The Perl PODs provide several documents that deal with Regular Expressions. The primary documents, in order of how they should probably be read by a beginner are: perlrequick, perlretut, and perlre.

What surprised me when I recently re-read these docs is that none of those three primary regex documents warn against using $1 without checking for a match. The closest thing I could find was in perlre,

The numbered variables ($1, $2, $3, etc.) and the related punctuation set ($+, $&, $`, $', and $^N) are all dynamically scoped until the end of the enclosing block or until the next successful match, whichever comes first. (See perlsyn/"Compound Statements".)

perlvar is only slightly more helpful with,

$<digit> Contains the subpattern from the corresponding set of capturing parentheses from the last pattern match, not counting patterns matched in nested blocks that have been exited already. (Mnemonic: like \digits.) These variables are all read-only and dynamically scoped to the current BLOCK.

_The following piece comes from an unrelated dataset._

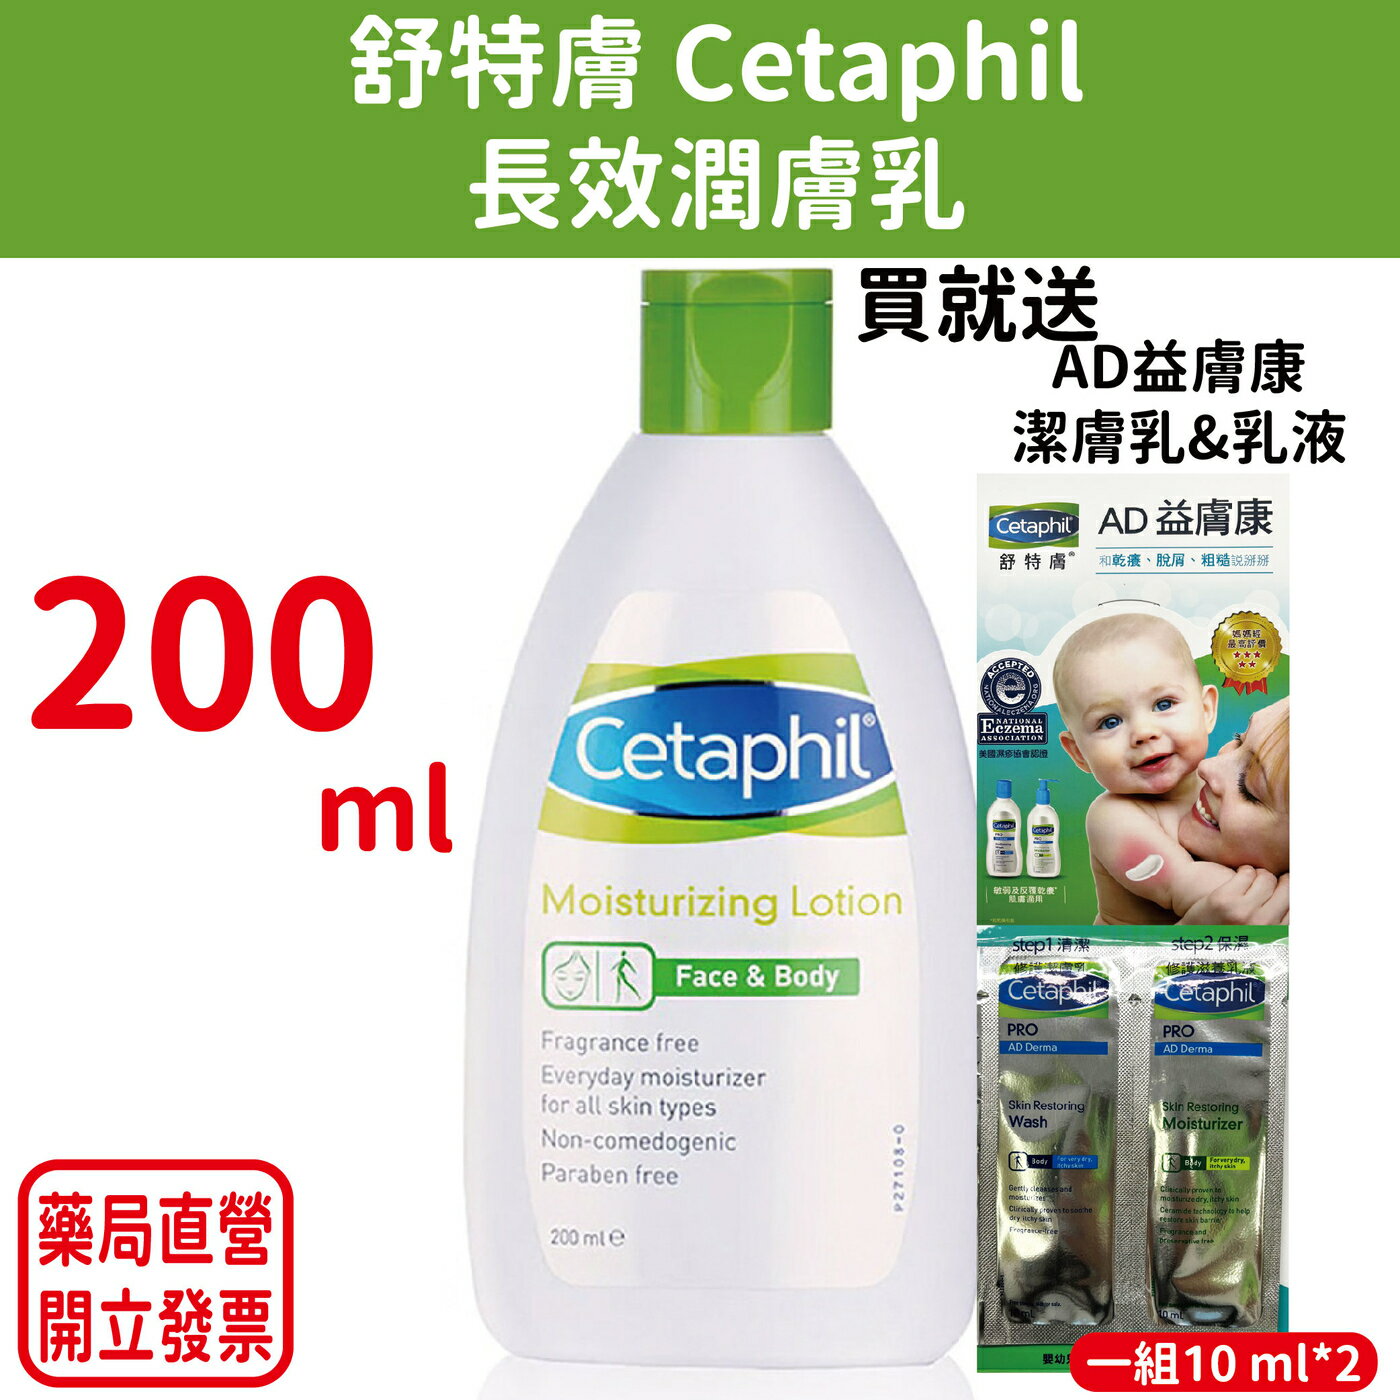 舒特膚Cetaphil長效潤膚乳 200ml 買就送10ml潔膚乳&乳液

Again, someone with a little experience is going to read between the lines and know that if there isn't a match, there's nothing to see in $1. The hints are all there. But it might be more explicit if one of the aformentioned docs simply stated, "The value of the capturing variables is undef in the event that there is no match, or the value of the most recent capture resulting from a match."

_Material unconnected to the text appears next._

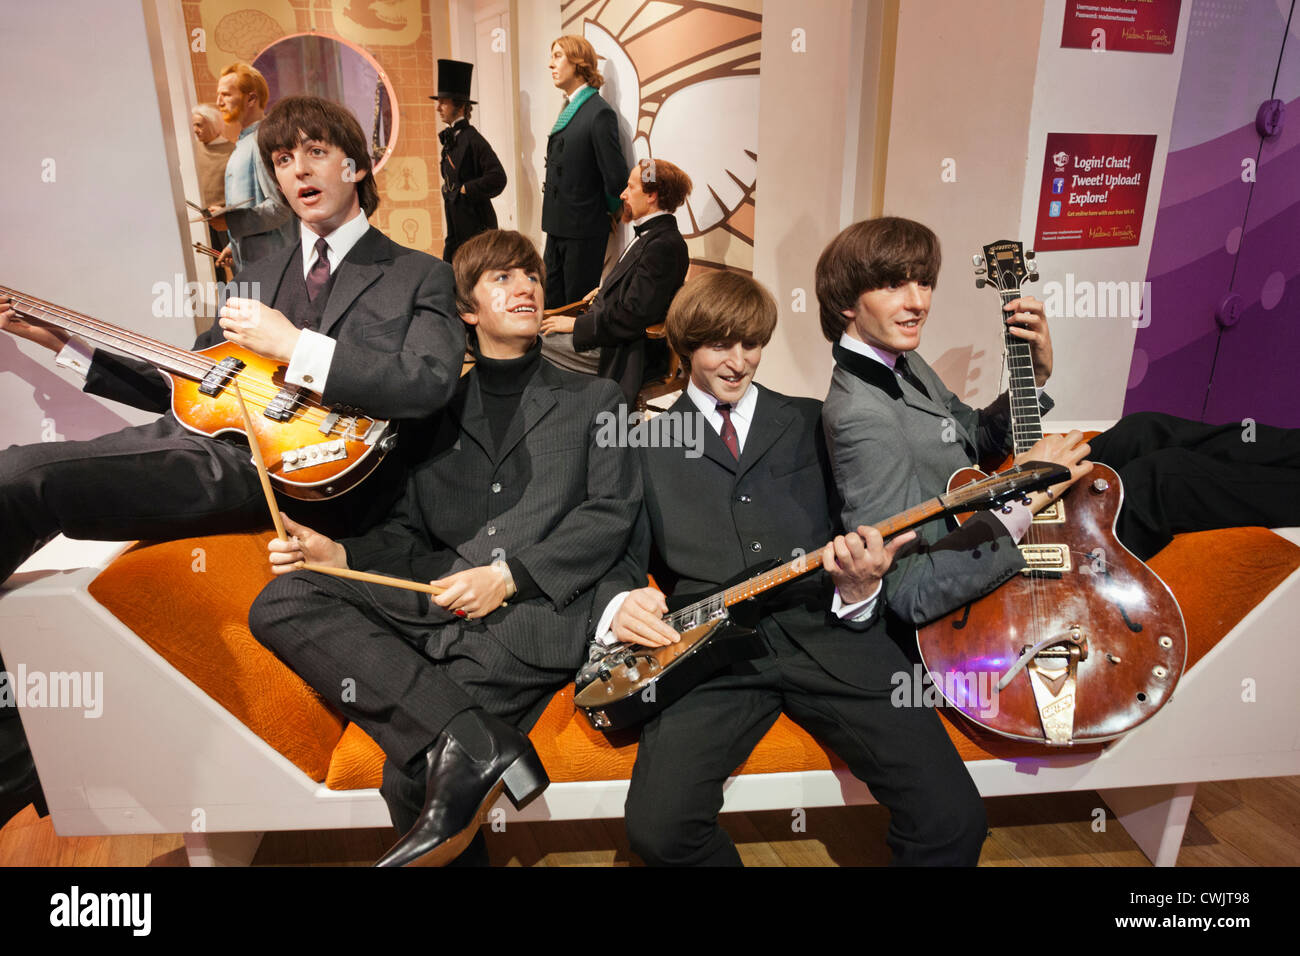 L'Angleterre, Londres, Madame Tussauds, affichage de cire des Beatles Banque D'Images

And then there's perlfaq6: Silent on the issue.

This being an issue that manifests itself with great regularity, I'm surprised that there isn't any mention that if a match fails the $<digit> variables will be undefined. And taking it one step further, it would be nice if somewhere in the docs mention were made that one should test for a match before relying on the $<digit> variables.

Perl gives people enough rope to tie impressive knots, or to hang themselves. And the docs can't enumerate every possible way in which people can hang themselves. But this happens to be a pretty common noose.

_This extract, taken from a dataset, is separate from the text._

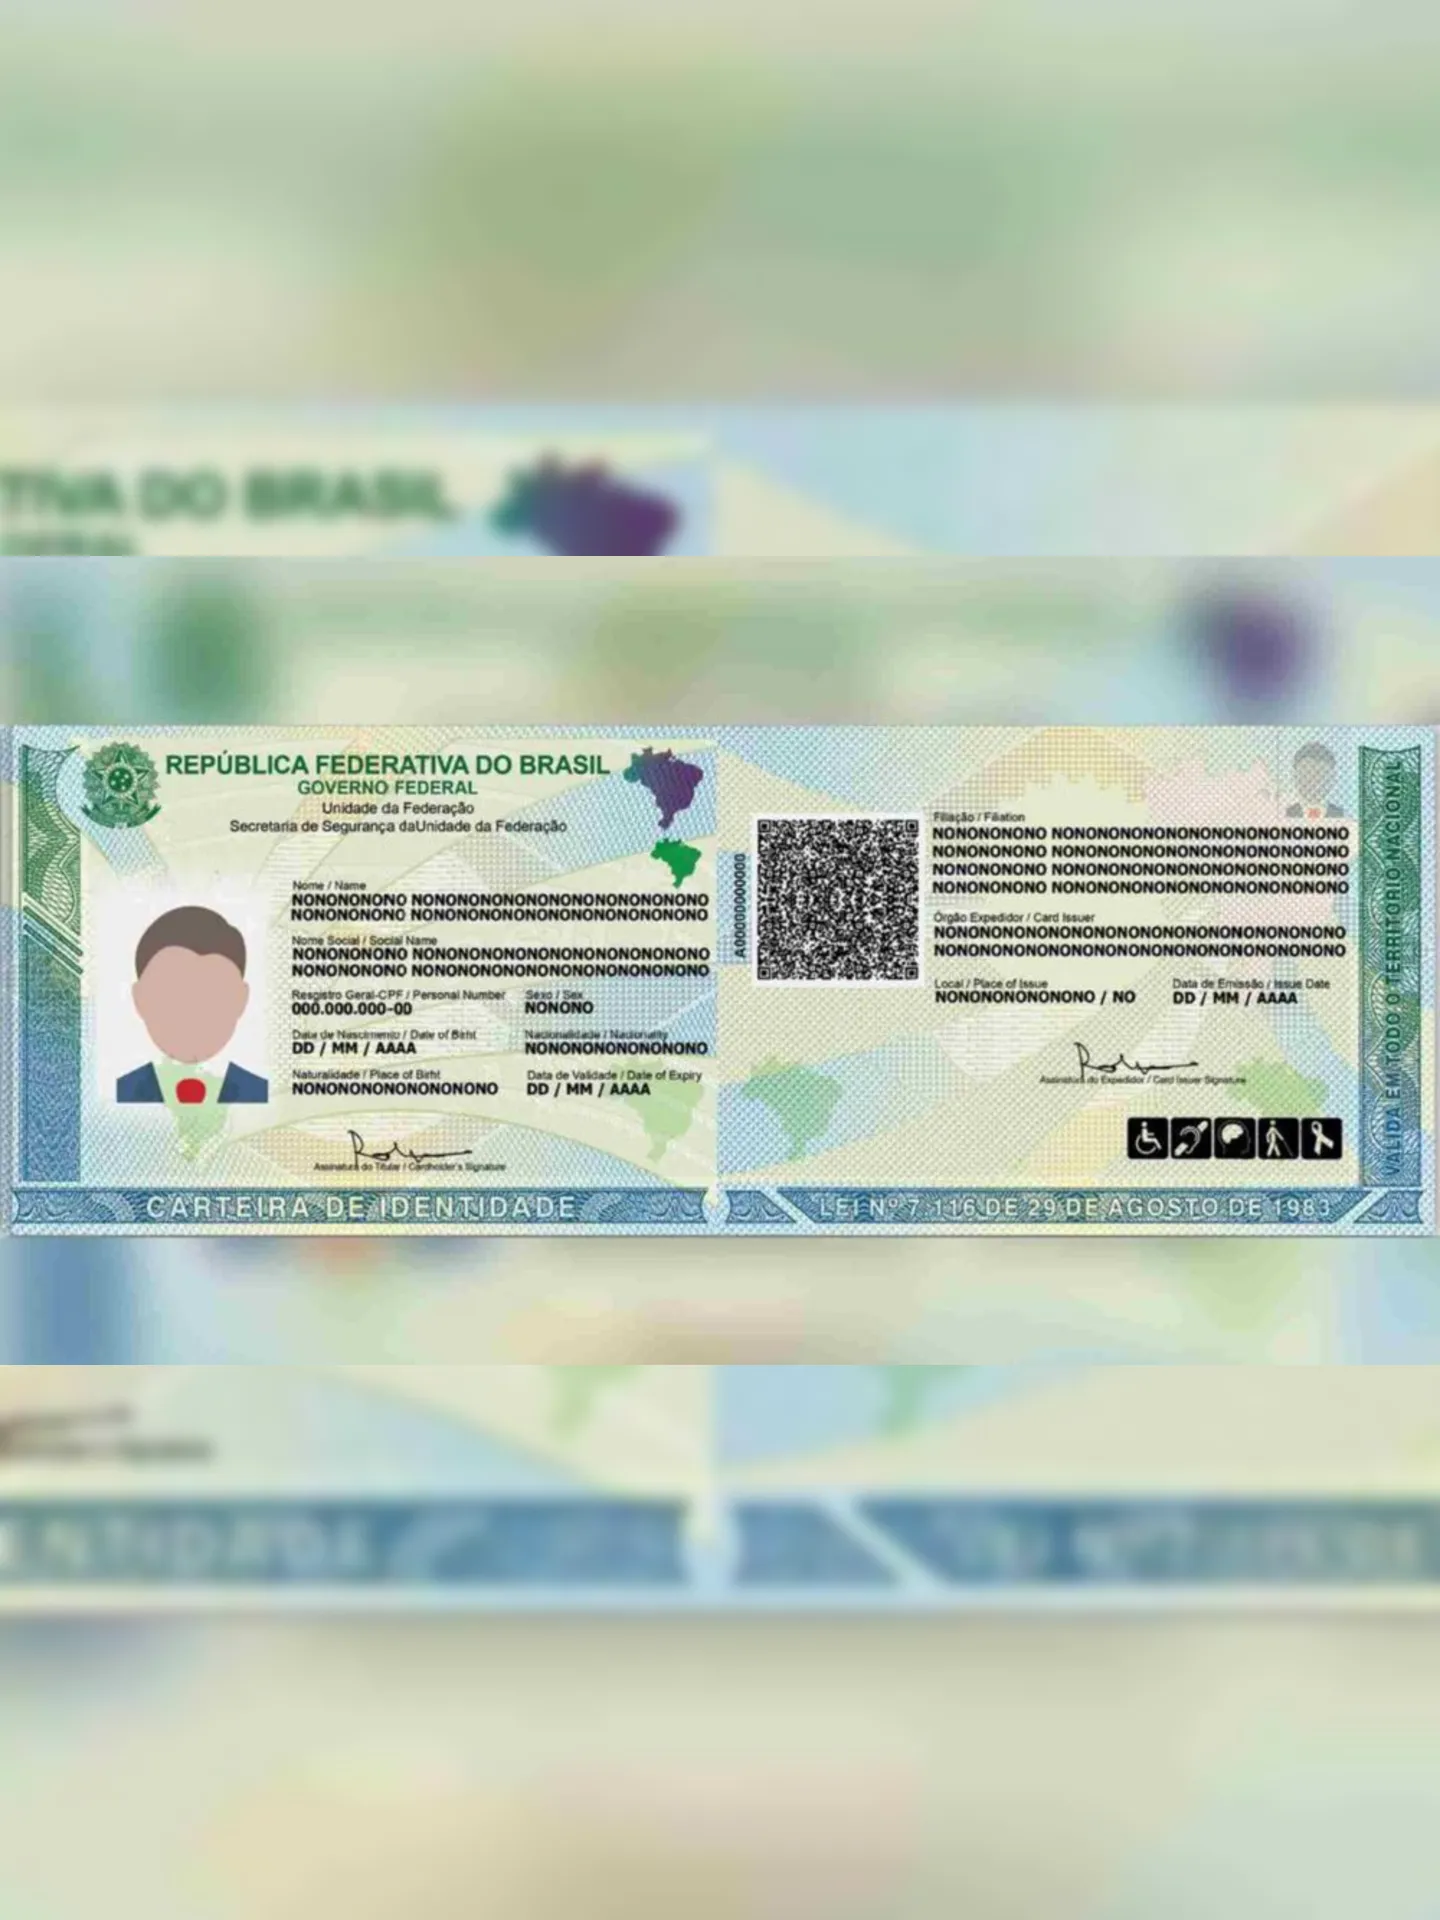 A nova carteira de identidade apresenta maior segurança, com um QR Code que permite verificar a autenticidade do documento e se ele foi furtado ou extraviado

Update: Ok, this isn't the place to submit a patch, but I'd appreciate comments on a proposed patch to perlre; the addition of the following text:

The value of the special capturing variables will be undef in the event of no match within current scope, or the value of the most recent successful match's capture in the current scope even if there has been a subsequent failed match.

Is this accurate? Clear? I know that this isn't the place to submit a patch, but before I do submit one, I'd like a weigh-in on what might constitute clear and accurate verbiage.


Dave

Replies are listed 'Best First'.
Re: Perl's POD's description of the use of capturing special variables.
by tinita (Parson) on Apr 06, 2004 at 10:47 UTC
    i think it is probably useful to add a short code example. i don't know but code examples in the pods are likely to be taken as they are, aren't they?
    that code examples can last very long (and even longer than wanted) is shown by the cgi parsing code snippet that has been hanging around the net forever...
    so one should provide a good example, something like:
    my $value; if ( m/regex (with parens) .../) { # do something with $1 $value = $1; } else { # don't use $1; exception, or provide a default value $value = 'default'; } or maybe: my $value = m/...(..).../ ? $1 : 'default';
Re: Perl's POD's description of the use of capturing special variables.
by jeffa (Bishop) on Apr 06, 2004 at 13:44 UTC
    MU. Don't use $1 etc. when you don't have to:
    use strict; no warnings; my @data = (1,2,3,undef,4,5); for (@data) { /(\d+)/; print $1 if $1; } print "\n"; for (@data) { my ($numb) = $_ =~ /(\d+)/; print $numb if $numb; } print "\n";
    I would like to see more of the second example in the docs. :)

    jeffa

    L-LL-L--L-LL-L--L-LL-L--
    -R--R-RR-R--R-RR-R--R-RR
    B--B--B--B--B--B--B--B--
    H---H---H---H---H---H---
    (the triplet paradiddle with high-hat)
    
      I think you meant
      /(\d+)/ and print $1; # or print $1 if /(\d+)/; # and print $numb if defined $numb; # since 0 is false
      :)

      MJD says "you can't just make shit up and expect the computer to know what you mean, retardo!"
      I run a Win32 PPM repository for perl 5.6.x and 5.8.x -- I take requests (README).
      ** The third rule of perl club is a statement of fact: pod is sexy.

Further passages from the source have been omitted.